[OpenID] Community Reputation Services
Dick Hardt
dick at sxip.com
Thu May 22 17:53:07 UTC 2008
On 22-May-08, at 10:14 AM, Nate Klingenstein wrote:
> Dick,
>
>> I may have misinterpreted the discussion, but the OP reputation
>> conversation seemed to be around wanting to know if the OP was
>> spammy, is reliable etc. -> I think the email analogy works well
>> there.
>
> Even after ORBS, Spamhaus, MAAWG, etc., we're still sitting at
> 85-90% spam. I'd like to do better than that. Email is a major
> attack vector too, particularly with spear phishing. I truly hope
> Cardspace takes off. You wouldn't believe how many people must...
> click... that... link...
>
> http://en.wikipedia.org/wiki/E-mail_spam#As_a_percentage_of_the_total_volume_of_e-mail
>
>> As for knowing there was strong authentication used at an OP by a
>> user, I would propose that a claim made be a trusted strong auth
>> vendor be requested by the RP.
>> To elaborate, any OP could acquire a strong auth solution from a
>> certified vendor and then offer that service to its users. This
>> separates the function of strong authentication from the function
>> of being an OP.
>
> Why would the vendor or the authentication method be the only
> important variable here? I can issue plenty of certificates or one-
> time passwords that are perfectly bogus using a variety of products
> of your choice.
>
> I think the operational practices of the OP are much more
> important. In talking with various agencies and major RP's, they've
> expressed a similar opinion.
>
>> Given the goal of creating an open infrastructure, I see OP
>> reputation mechanisms to be problematic if for no other reason then
>> it creates a closed environment of who can be an OP and you get all
>> the issues you have today with certificate authorities.
>
> Yes, the UC System is a closed environment. The set of accredited
> universities is too. They have the ability to confer degrees on
> individuals and they purchase access to resources for their
> members. They have special attributes they use that they wouldn't
> expect anyone else to understand anyway. How do CA's or their
> issues naturally follow?
>
> I'd like to be able to select my protocols based on what
> applications support, not characteristics of a deployment paradigm.
> I'd also like to be able to construct different policies for
> different RP's, but use the same identity infrastructure to reduce
> duplication.
>
> Do you consider OpenID an inappropriate protocol for these use
> cases? If so, I've learned something very important, and I'm really
> glad I asked...
Ok. I think I see the disconnect now. (... but maybe not ;)
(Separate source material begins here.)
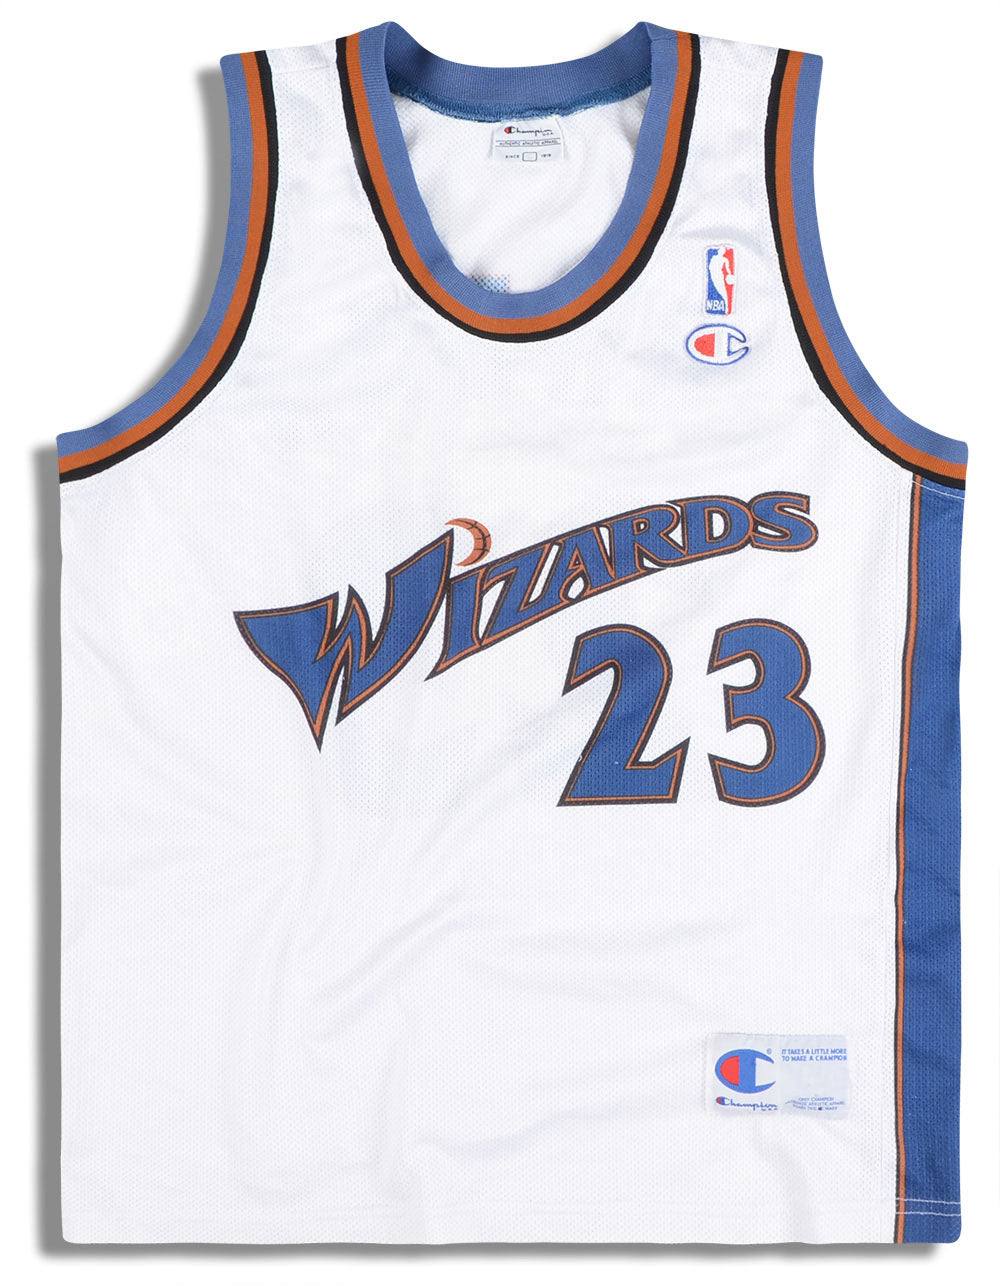  adidas Washington Wizards NBA White NBA Authentic On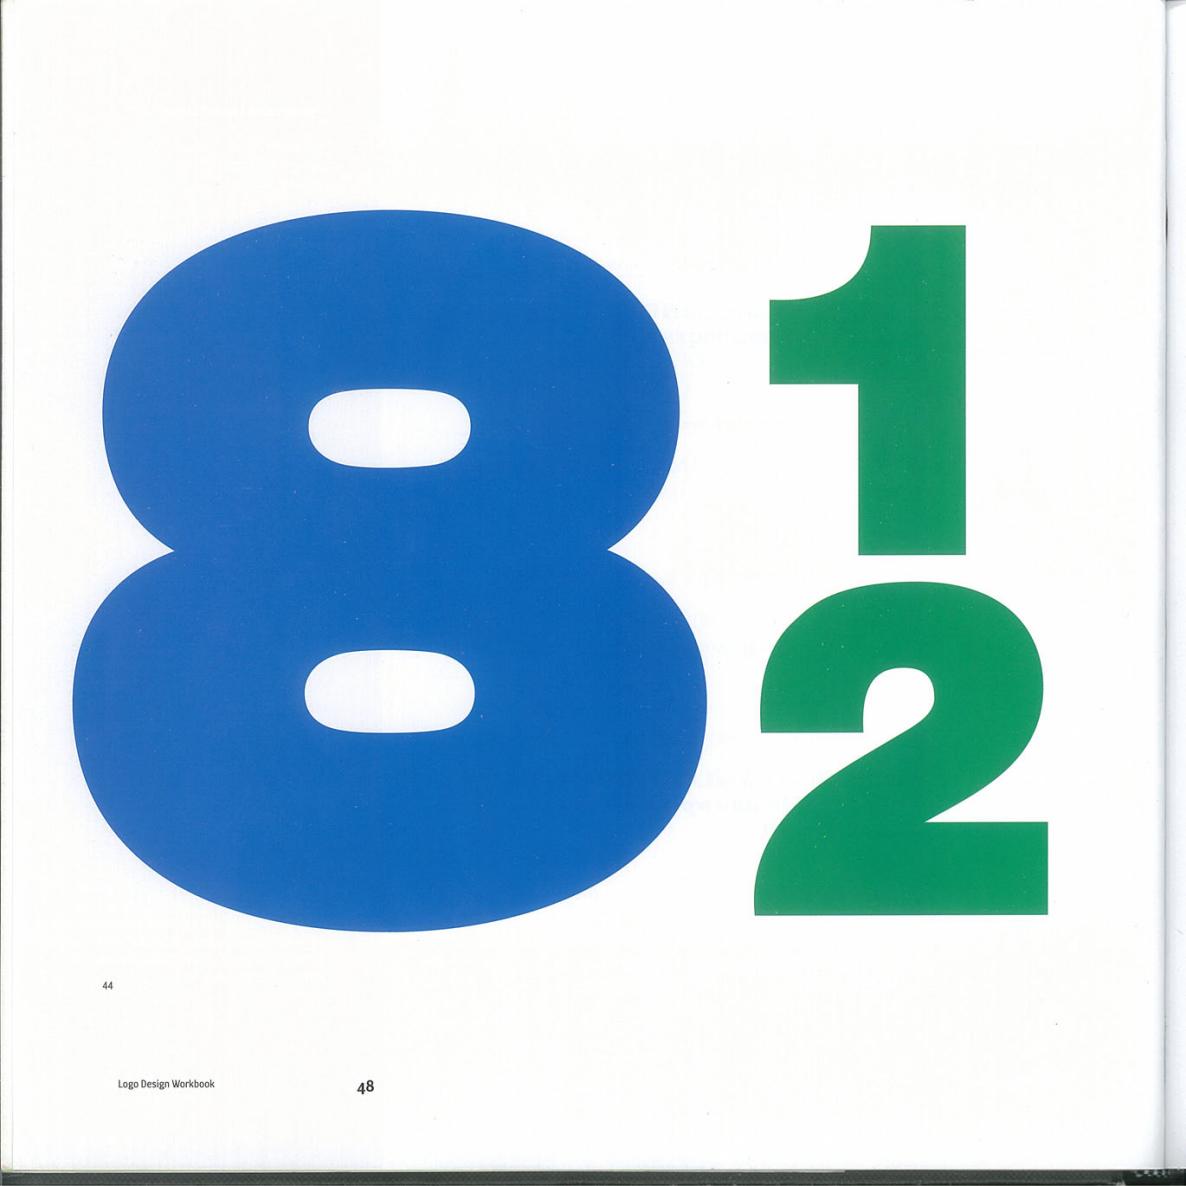 Logo Design Workbook - photo 48

There is OpenID, the set of protocols, and an OpenID, and identifier.
Is an OpenID identifier appropriate for your use cases? I don't think
so.
BUT, you could use the protocols to request and receive a claim from a
trusted source saying something about the user. We (Sxip) demoed some
code to do that, but to date, the OpenID community has been focussed
on other requirements.
Perhaps a couple analogies may work. We can use IP to move traffic
around between any site, and we use the same transport to create VPNs
to move more secure, trusted traffic. We can use OpenID to solve the
broader internet identity problems and then move trusted claims using
the same protocol for more secure, trusted information flow.
>
>> OpenID reputation mechanisms are a completely different matter, as
>> you are judging how an OpenID has been used.
>
> How is judging the OP completely different from judging the ID? If
> anything, wouldn't all ID's from an untrustworthy OP be considered
> unreliable?
Which OP is managing an Identifier at a particular point in time
should be irrelevant to the RP.
Let me know if this is resonating or not!